Richard A. Winett, the Heilig Meyers Professor of Psychology in the Virginia Tech Department of Psychology, has won the Society of Behavioral Medicine’s 2017 Distinguished Mentor Award.
Mentor awards “honor outstanding service as a mentor in the clinical and professional arena, in both clinical and research endeavors,” according to the society’s website. “(Honorees) have fostered excellence in, and had a major impact on, the field of behavioral medicine by virtue of their roles as mentors.”
Winett will receive the honor at the society’s 2017 annual meeting, to be held March 29 in San Diego.
Winett’s research focuses on health behavior, including health psychology, personalized behavioral medicine, and public health, and the development of primary and secondary prevention programs linked to nutrition, physical activity, and exercise.
He has published more than 260 peer-reviewed articles and has been the principal investigator of 17 research grants. Winett was funded for 40 consecutive years, primarily by the U.S. National Institutes of Health and the National Science Foundation.

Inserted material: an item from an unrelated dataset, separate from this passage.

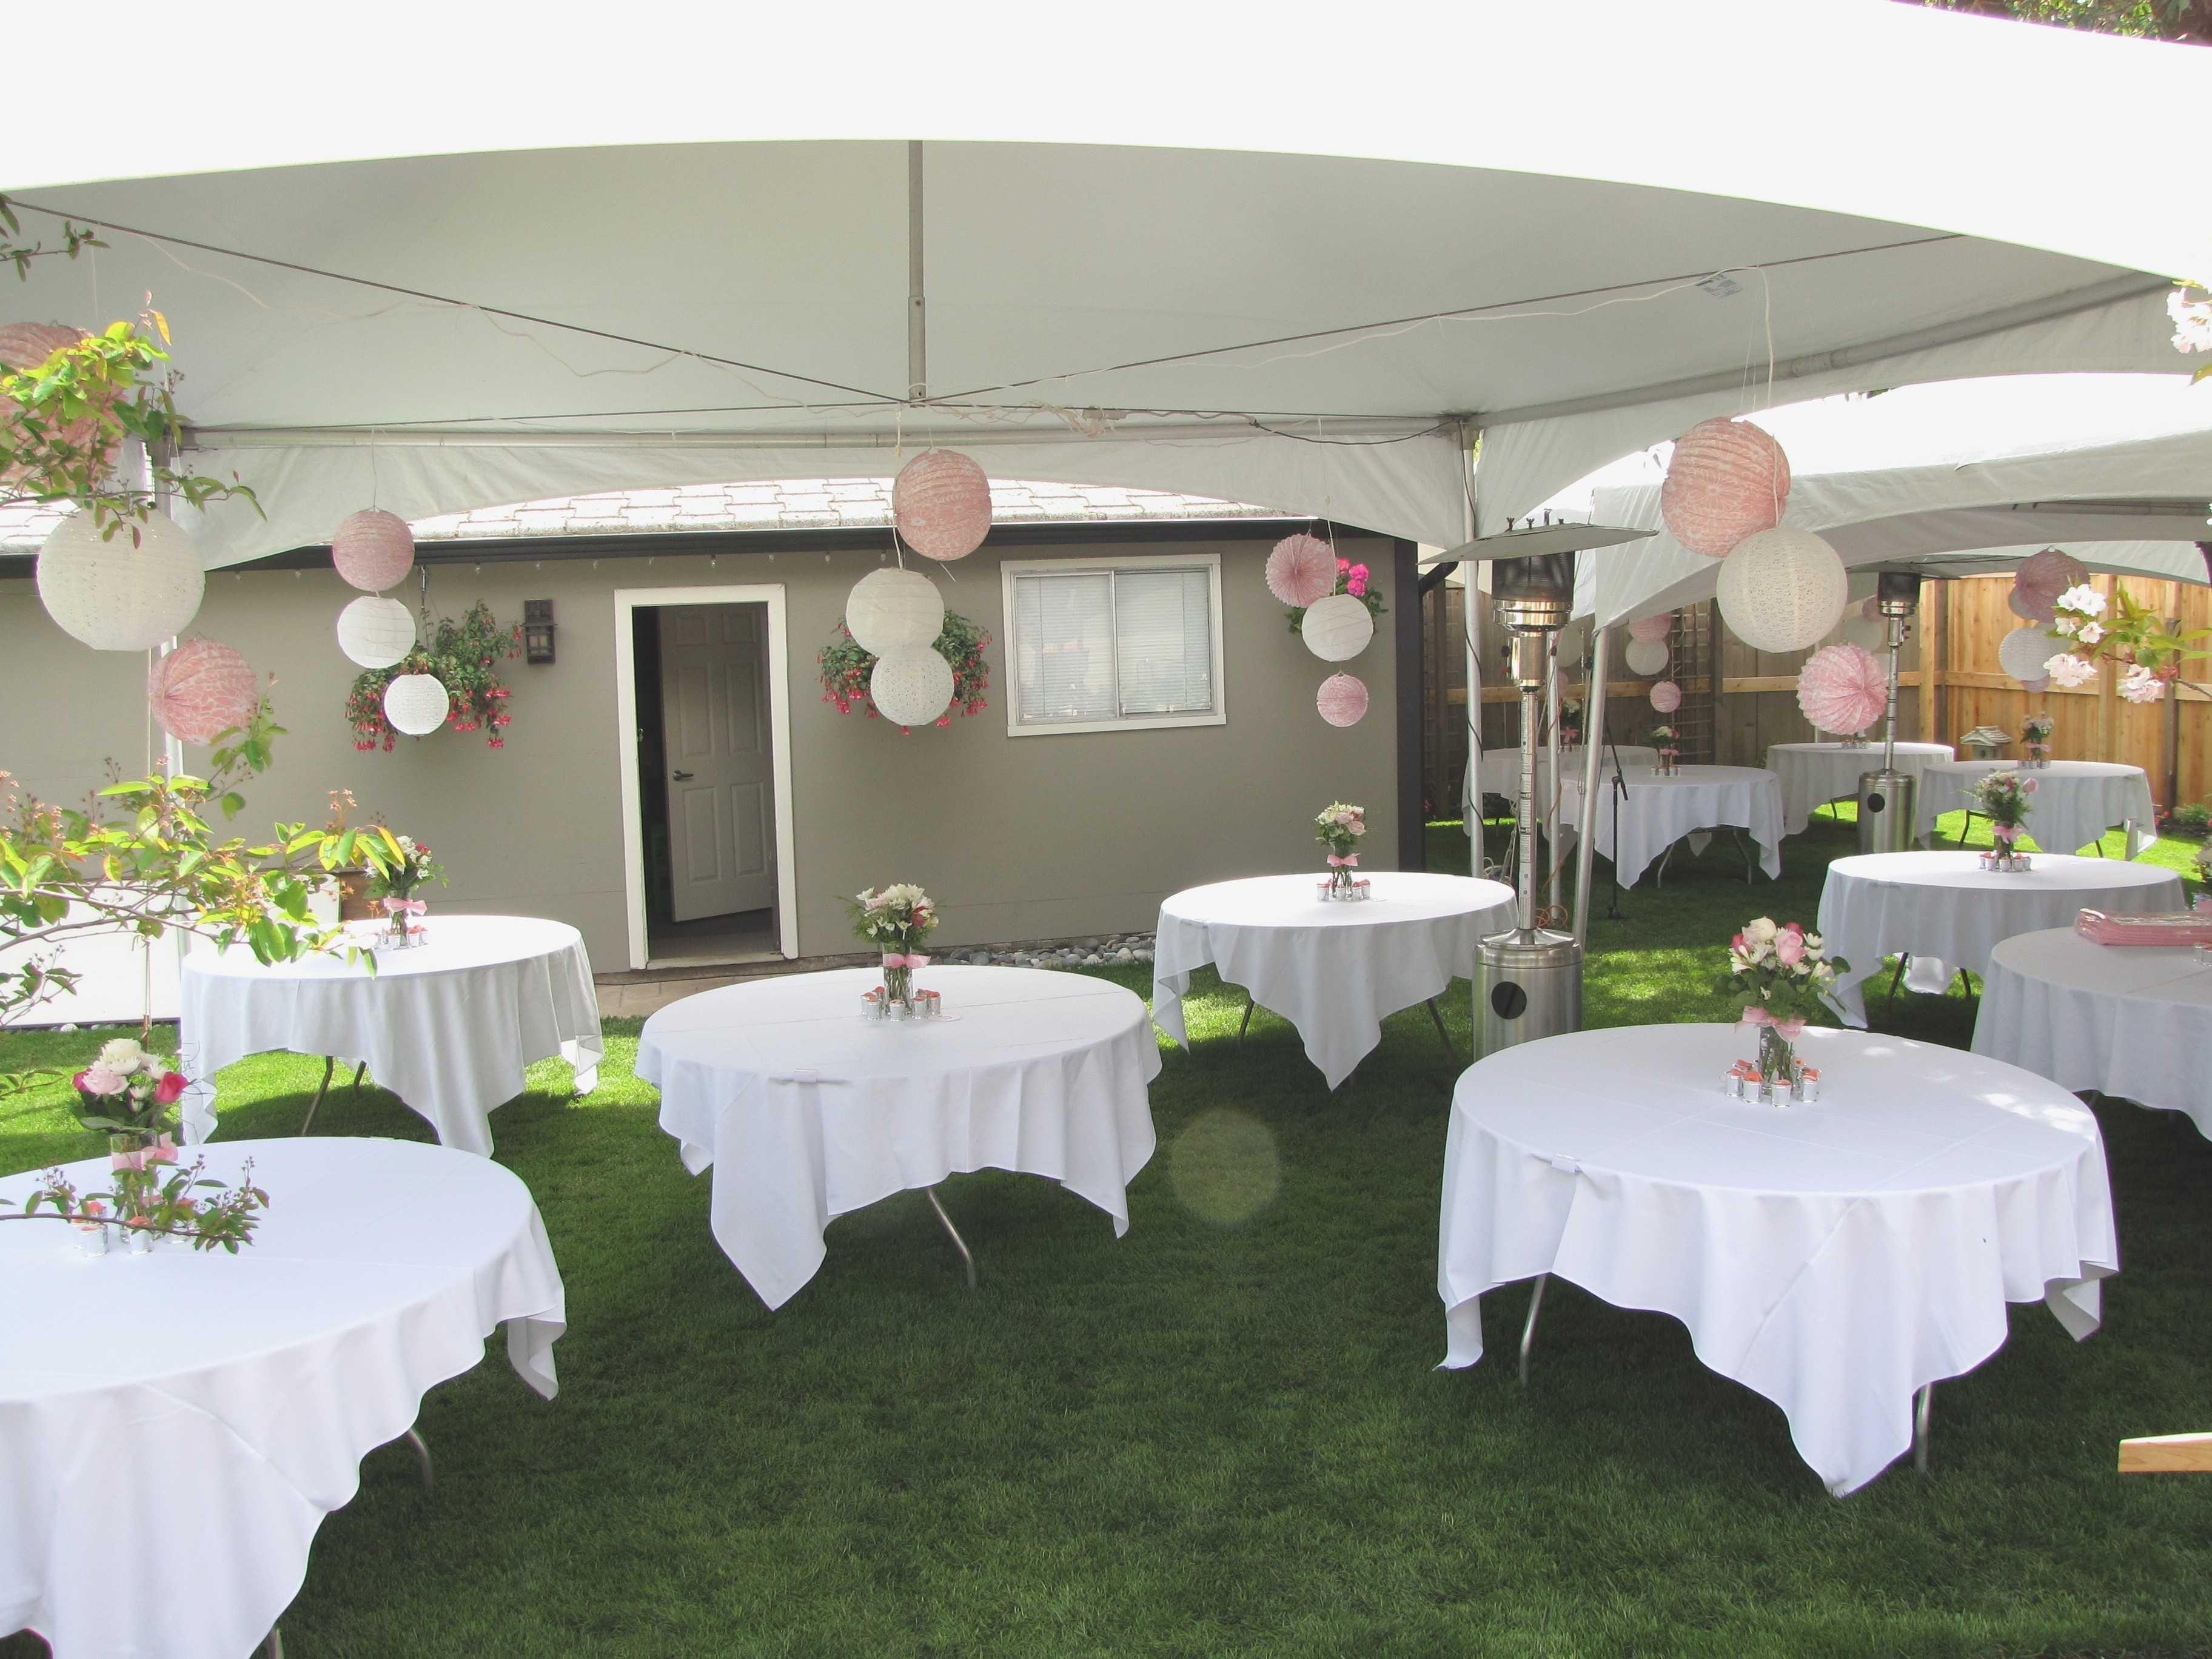 10 Unique Wedding Reception Ideas On A Budget backyard wedding reception ideas on a budget best of fabulous bud 2020

He joined Virginia Tech in 1979 as an associate professor after positions at the University of Kentucky and then at the Institute for Behavioral Research in Silver Springs, Maryland. He is former director of both the Virginia Tech Clinical Science program and the Center for Research in Health Behavior, and has received the Virginia Tech Alumni Award for Excellence in Research. He also has chaired nearly 40 doctoral students to completion.
He also is an affiliated faculty member with the Virginia Tech Fralin Life Science Institute.
“Dick Winett’s behavioral health research program is one of the most important pillars of our nationally prominent clinical science doctoral program in psychology,” said Bob Stephens, head of psychology, which is part of the Virginia Tech College of Science. “Over the years, Dick has attracted, mentored, and promoted the careers of numerous graduate students who have become leaders at other institutions.”
Winett earned his bachelor’s degree from Queens College in 1967 and his doctoral degree in psychology from Stony Brook University in New York in 1971.